Я взял небольшую паузу, просто чтобы перевести дух. В конце концов, я знал эту речь наизусть, я вынашивал ее долгое время. На самом деле мне не нужен был перерыв.
“Хулиган? Что такое хулиган? Лишенный корней, неприсоединившийся, неопределенный бродяга? Изгнанник? Или это то, что написано в Оксфордском словаре английского языка: ‘Название ирландской семьи на юго-востоке Лондона, известной своим хулиганством’? В румынском романе Мирчи Элиаде "Хулиганы" один из персонажей говорит, что "в жизни есть одно—единственное продуктивное начало - хулиганство", что означает бунт до смерти, "милиция и штурмовые батальоны, легионы и армии, связанные вместе ... единение в смерти, идеально и равномерно выстроенные полки в рамках коллективного мифа.’ Преодолел ли Элиаде свое разочарование в Румынии в изгнании после того, как он прославился как ученый?

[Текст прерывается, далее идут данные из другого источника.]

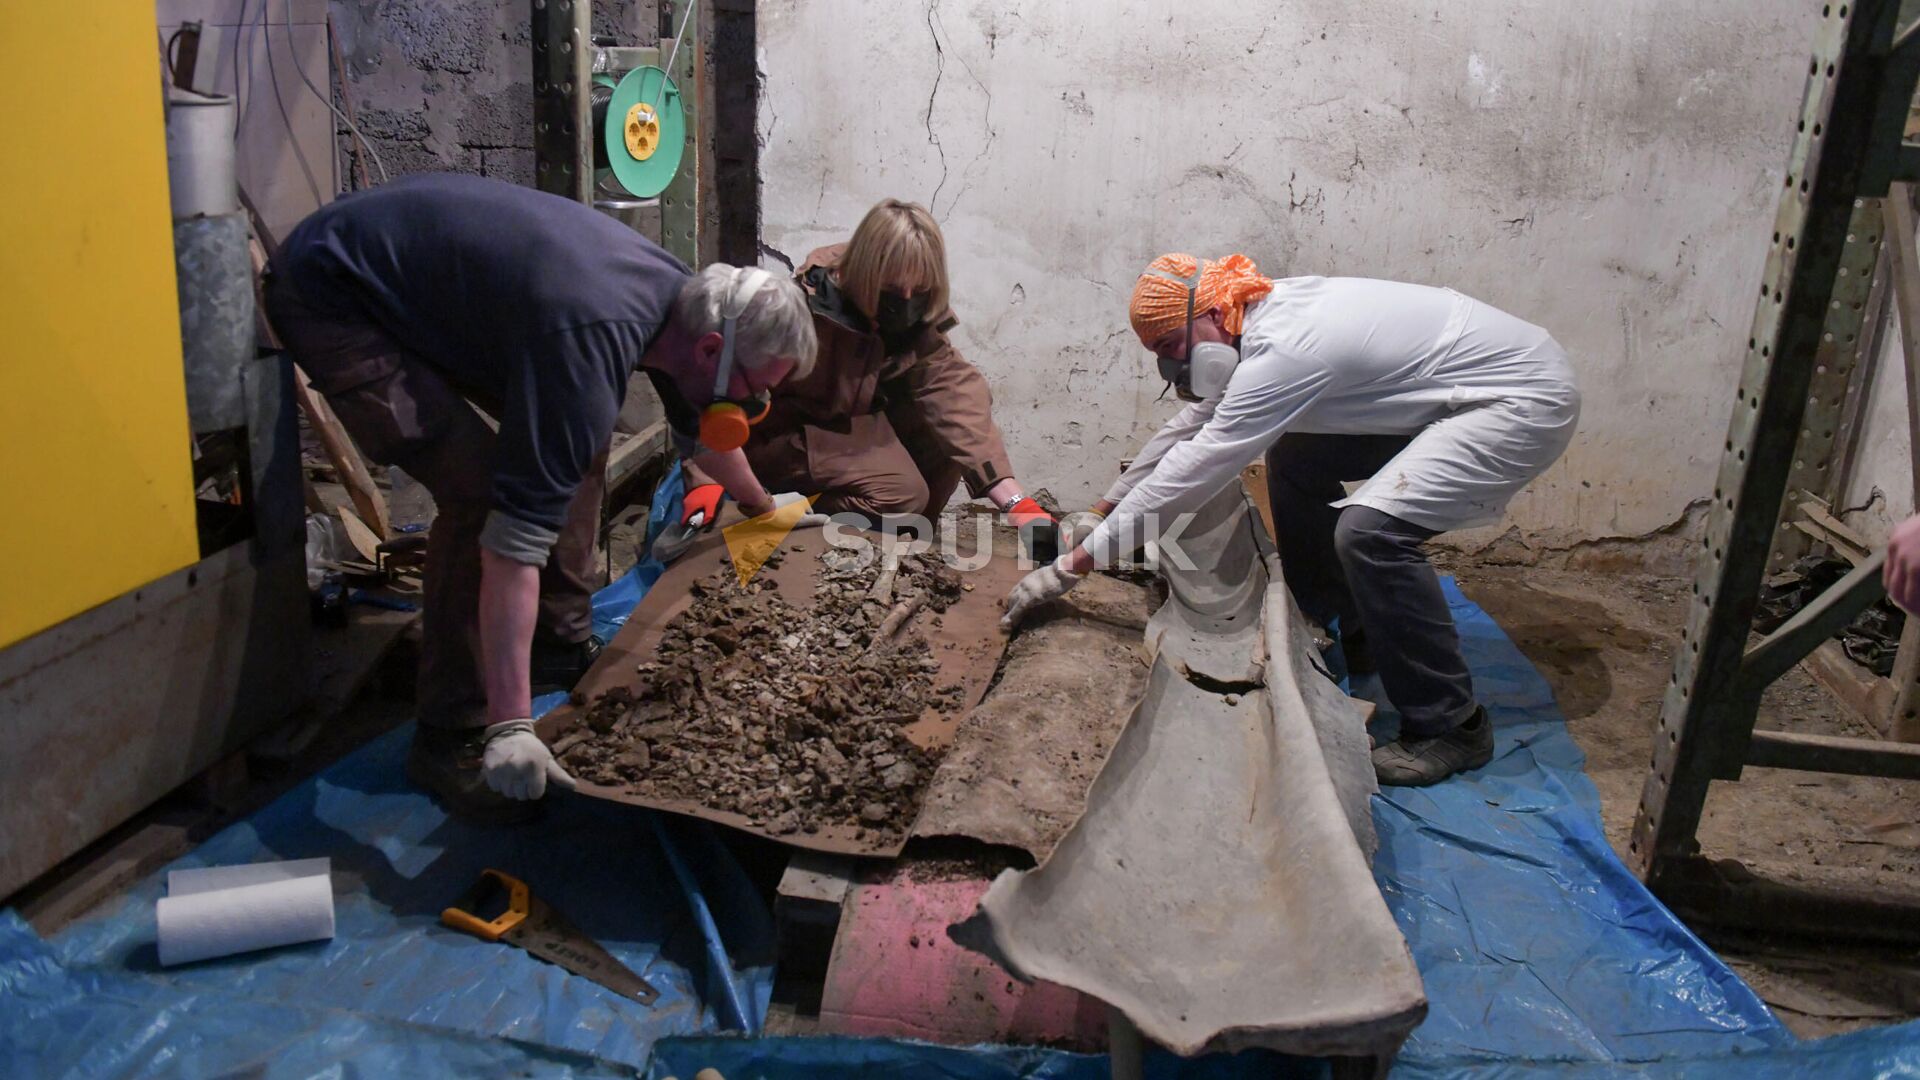 Ученые вскрыли свинцовый саркофаг, найденный в городище Гюэнос - Sputnik Аҧсны, 1920, 21.10.2021

Это была месть периферии метрополии. А как насчет его друга-еврея Себастьяна? Евреи изолировали его как врага, его друзья-христиане, ставшие легионерами , считали его евреем и изгоем. Лишенный корней, изгнанник и диссидент, был ли это архетипичным еврейским хулиганом? А бездомный космополит, разговаривающий с вами сейчас, каким бы хулиганом он стал?”
Я достал из кармана письмо из Румынии, письмо без даты, похожее на давно гноящуюся рану. “Дезориентация, замешательство, печаль”, - писала моя подруга с родины. “Вы должны приходить сюда два раза в год и смиренно приветствовать интеллектуалов, предоставлять себе возможность сфотографироваться, участвовать в ток-шоу, часто бывать в тавернах, заменить карикатуру, которую они сделали из вас. Я хотел бы знать, что означает этот конечный результат: отношение ядовитой родины к вам ”.